John stood out when he moved around Seal Beach. His regular outfits of Panama Hats and Hawaiian print shirts made him easily recognizable. He was often riding around town on his scooter. As a university coach for 35 years, John had become known to people all around the country.
They were at Disneyland one day, getting on the Tom Sawyer boat ride, when someone on the island started yelling “Coach!” Sandra said. The person had picked him out because he saw the hat and shirt. But, Sandra said, that no matter where they traveled, they always seemed to run into people who knew him.
When they had time to themselves, Sandra said they loved to travel. They had a motor home and they drove all over the country. And beyond. The longest trip they took was to Prince Edward Isle, off the coast of Nova Scotia. It was a 17,000-mile round trip drive that took four months.
Both during and after his stint at Long Beach State, baseball wasn’t John’s only vice. He loved all sports and was even a golf instructor at LBSU. He would also help out with keeping stats for basketball and football teams, so his involvement was year-round. Sandra said she understood and despite not loving sports, she gave support. She knew it was his life and she said she never even considered trying to take him away from it. And she loved watching their sons when they played.

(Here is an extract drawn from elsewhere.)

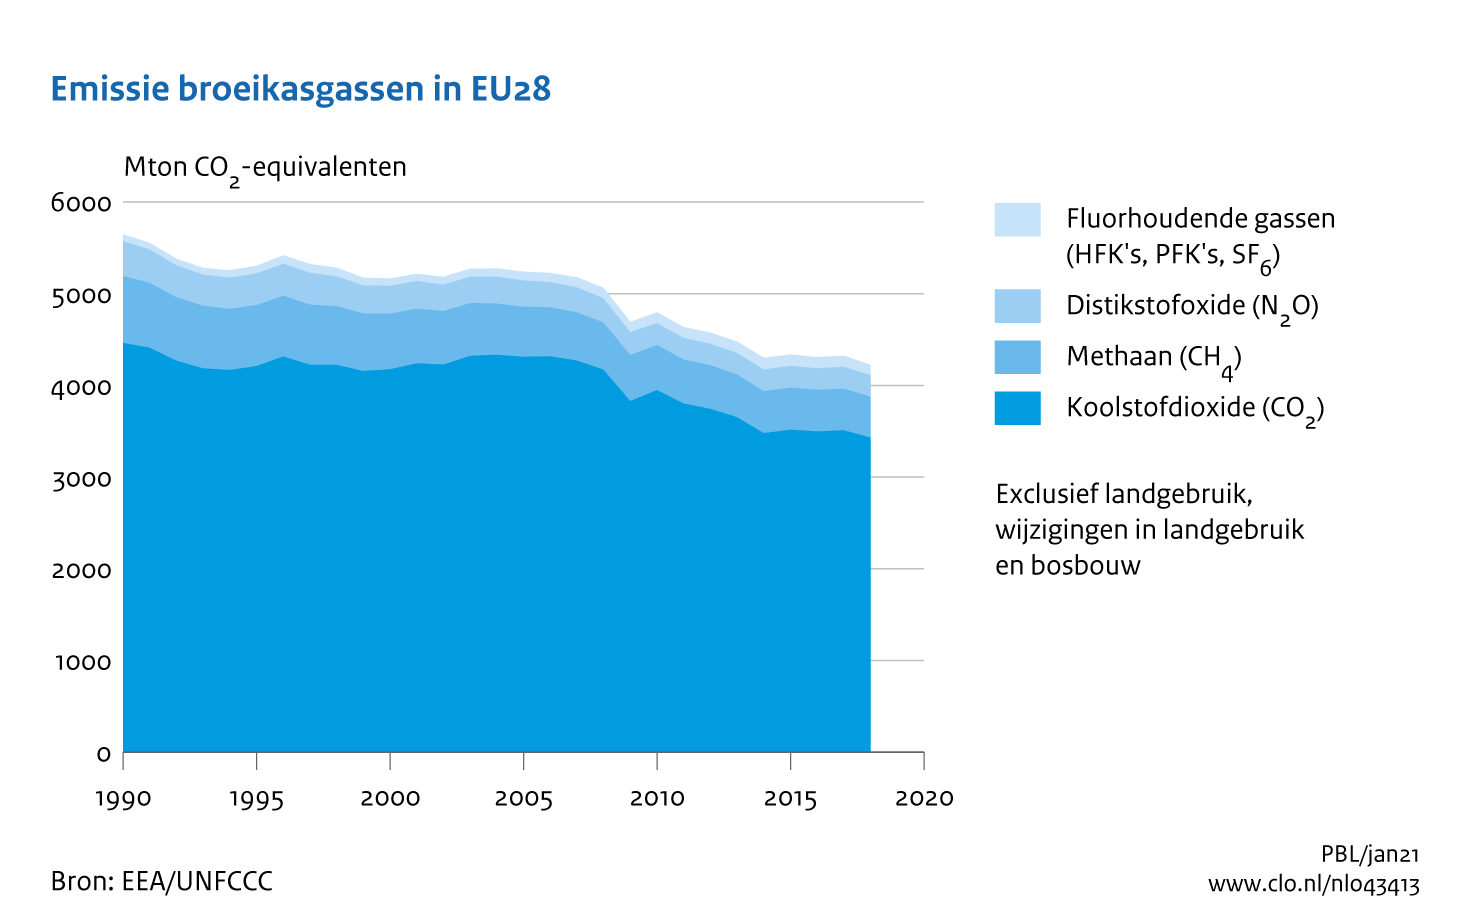 Figuur  Uitstoot broeikasgassen in Europa met 25% gedaald sinds 1990. In de rest van de tekst wordt deze figuur uitgebreider uitgelegd.

“He lived his life the way he wanted to,” Sandra said
She even coached a game. During a fundraiser, she had someone do bidding for her on a “Coach for a Day” package at Long Beach. John didn’t know until after she had won the auction. She coached alongside him in a game against USC and famed coach Rod Dedeaux. She doesn’t remember who won the game, but it’s still a fond memory for her.
It seems there will be no shortages of fond memories by those who knew John.
“People in the area really going to miss John, it’s a big loss to the community,” Tavizon said.
Coach G is survived by Sandra; their sons Johnnie and Jason; adult grandchildren Cole, Ivie, April and Rylee and great-granddaughter Stella.
A funeral Mass is planned for St. Anthony Church in Long Beach on Wednesday, June 30 at 10 a.m. There will be a followed by a reception at Glory Days in Seal Beach. It’s going to be a party, Sandra said. Guests are encouraged to wear their Hawaiian shirts in honor of Coach G.
The “Coach John F. Gonsalves Charity Fund,” is being established to raise money for scholarships and other support for young players and students. It will be managed by Long Beach Community Fund, longbeachcf.org.